External validation of the model

To assess the generalizability of the predictive model, external validation was conducted using data from West China Hospital. The model, initially trained and internally validated using data from Shanghai General Hospital, was applied to this independent dataset. The LightGBM model demonstrated strong clinical discrimination, achieving an AUROC of 76.60% in the external validation set. Furthermore, the model exhibited good calibration, clinical applicability, and net benefit (Figure 7).

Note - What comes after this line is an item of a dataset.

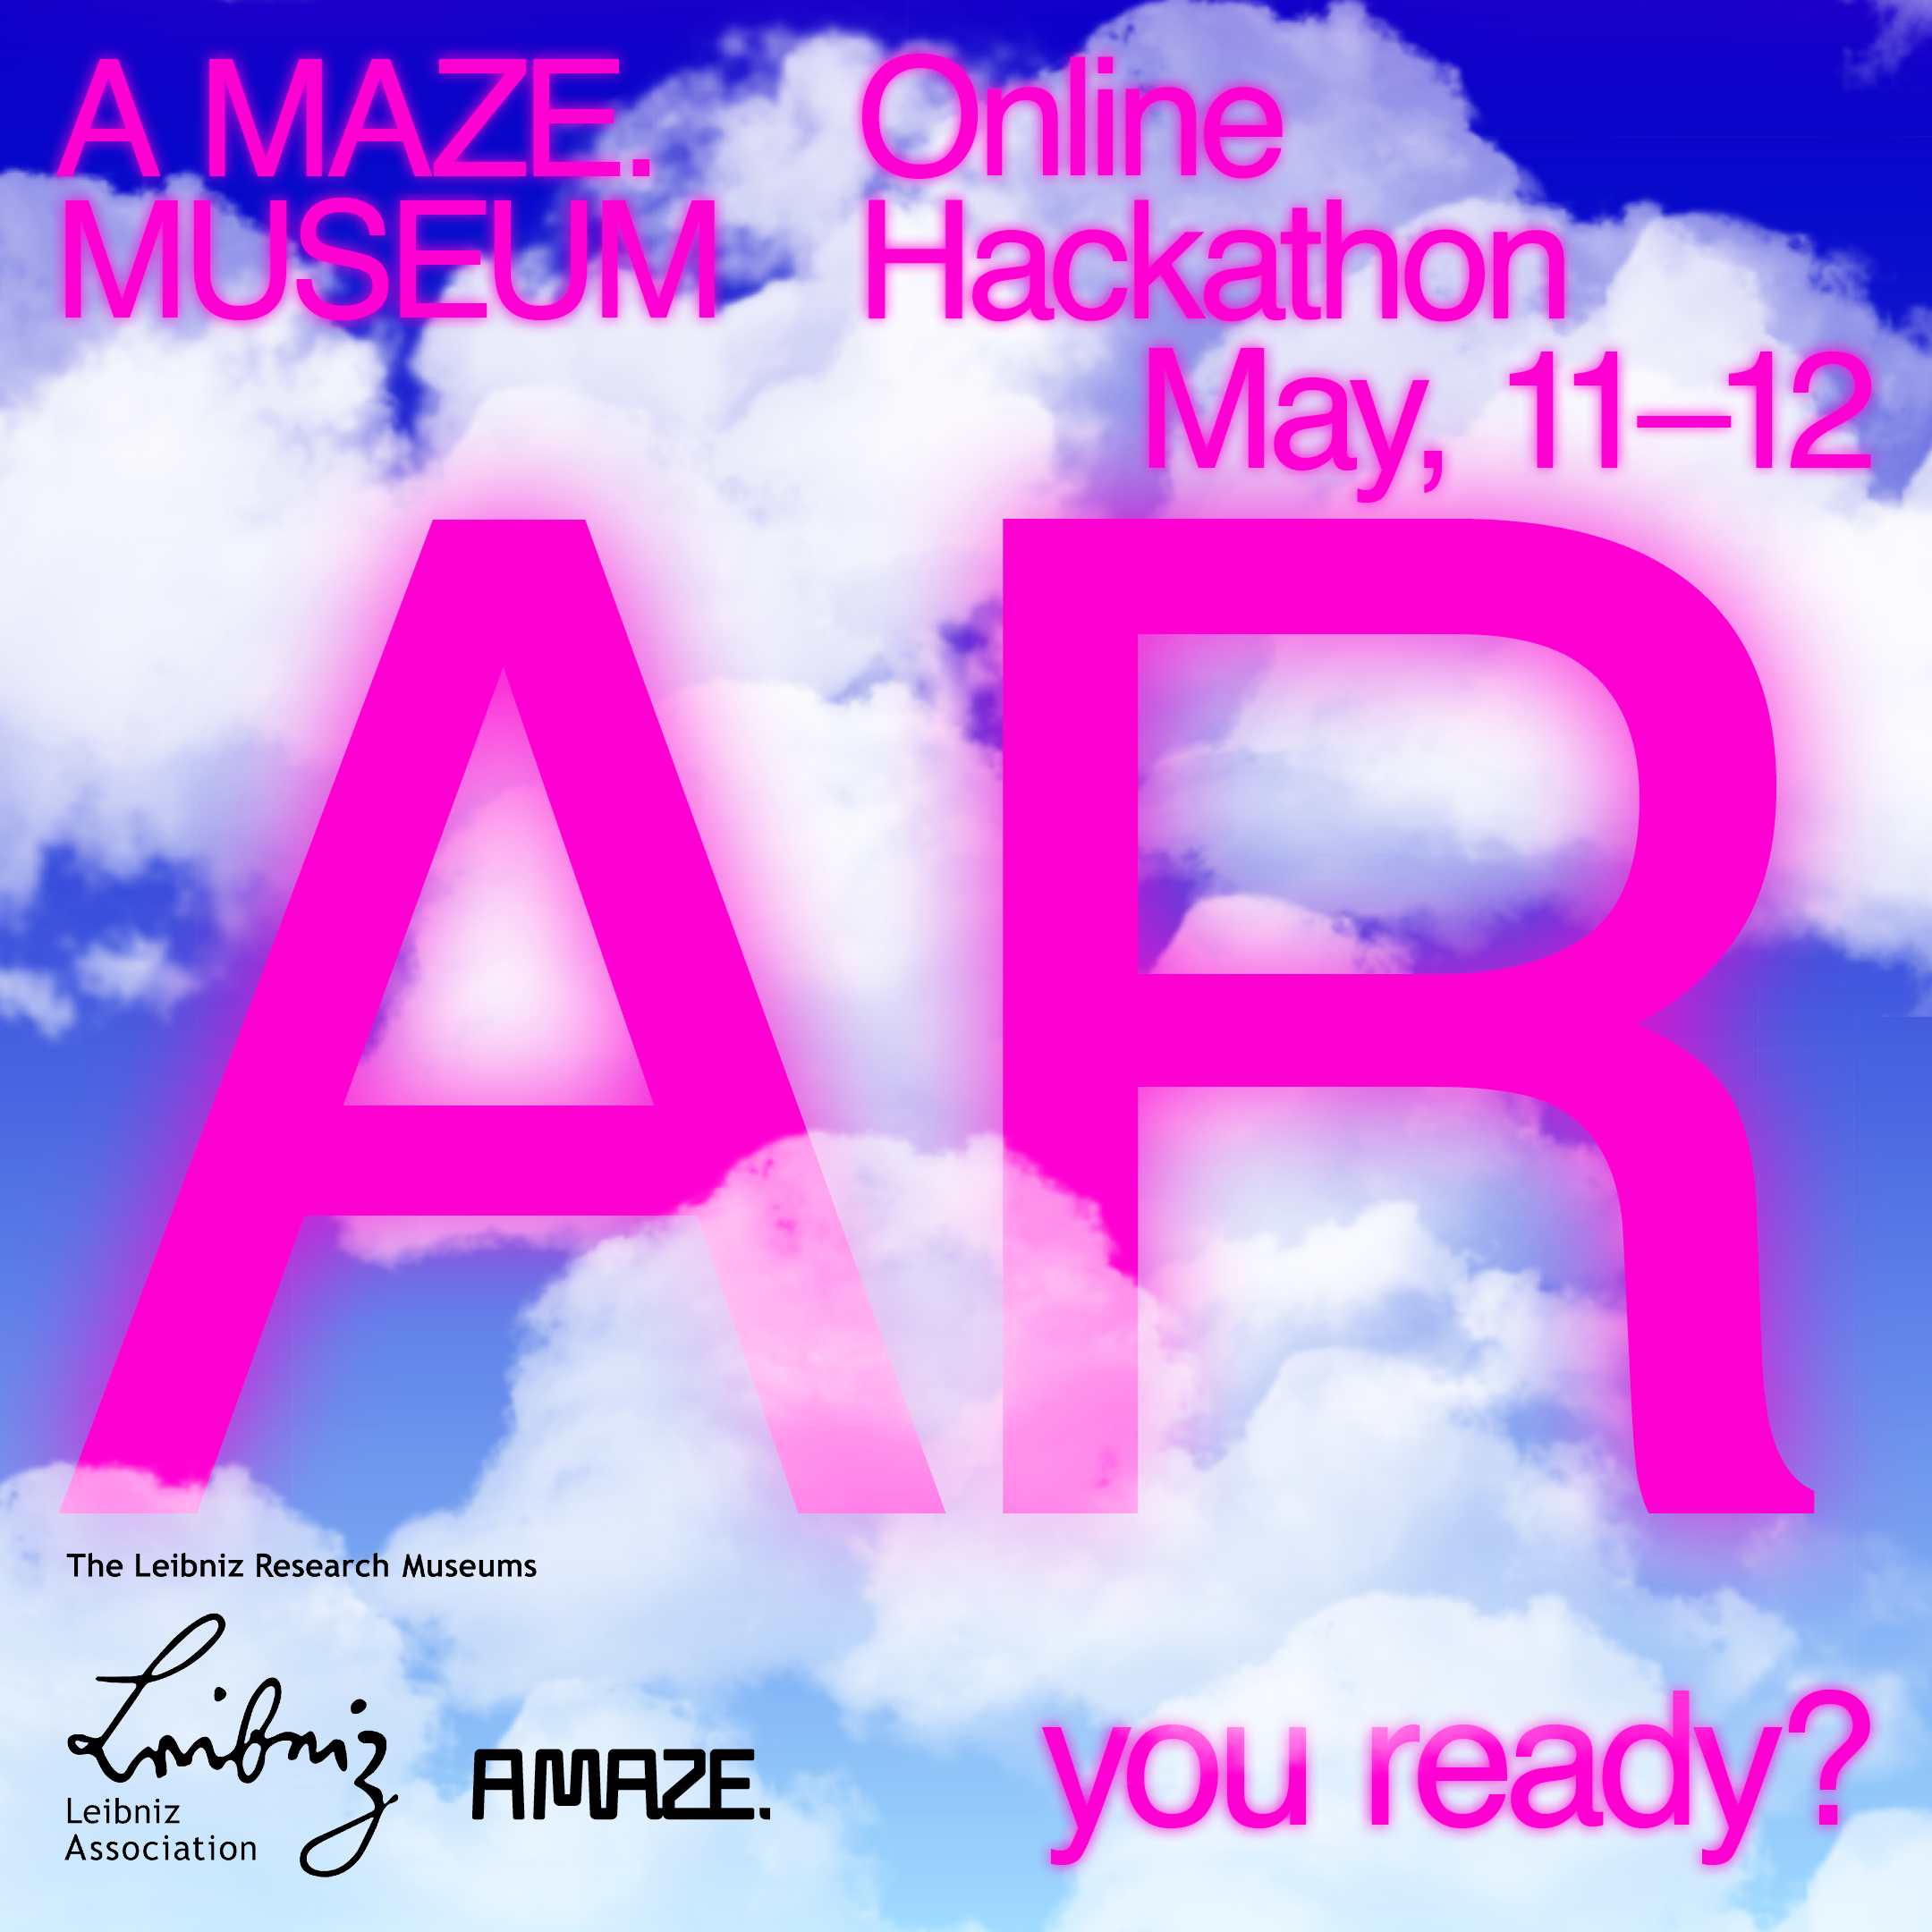 A MAZE. Museum Online Hackathon is Calling !

Figure 7 The diagnostic performance of LightGBM model on the external validation set. The figure shows ROC curves (A), calibration curves (B), and DCA curves (C). DCA, decision curve analysis; LightGBM, light gradient boosting machine; ROC, receiver operating characteristic.

Discussion

In this study, we developed and validated nine machine learning-based models to predict the likelihood of GSU, and compared their predictive performance. Results from the test dataset indicated that the LightGBM model exhibited the highest accuracy in identifying individuals at risk for GSU. Compared to other models, LightGBM demonstrated superior performance across multiple evaluation metrics, including ROC curves, calibration curves, and DCA. In external validation, although the model’s performance was slightly lower than in the training and test sets, it maintained strong discriminatory ability, achieving an AUROC of 76.61%. Furthermore, the calibration curve and DCA curve remained within acceptable levels. Additionally, to enhance clinical applicability, an online prediction tool was developed, enabling users to efficiently generate individualized risk predictions and support evidence-based clinical decision-making. By accurately predicting GSU risk, our model may facilitate early intervention and personalized treatment planning, potentially improving long-term prognosis and reducing the risk of biochemical recurrence and distant metastasis. This predictive model addresses the limitations of traditional assessment methods, offering a more reliable foundation for clinical treatment decisions.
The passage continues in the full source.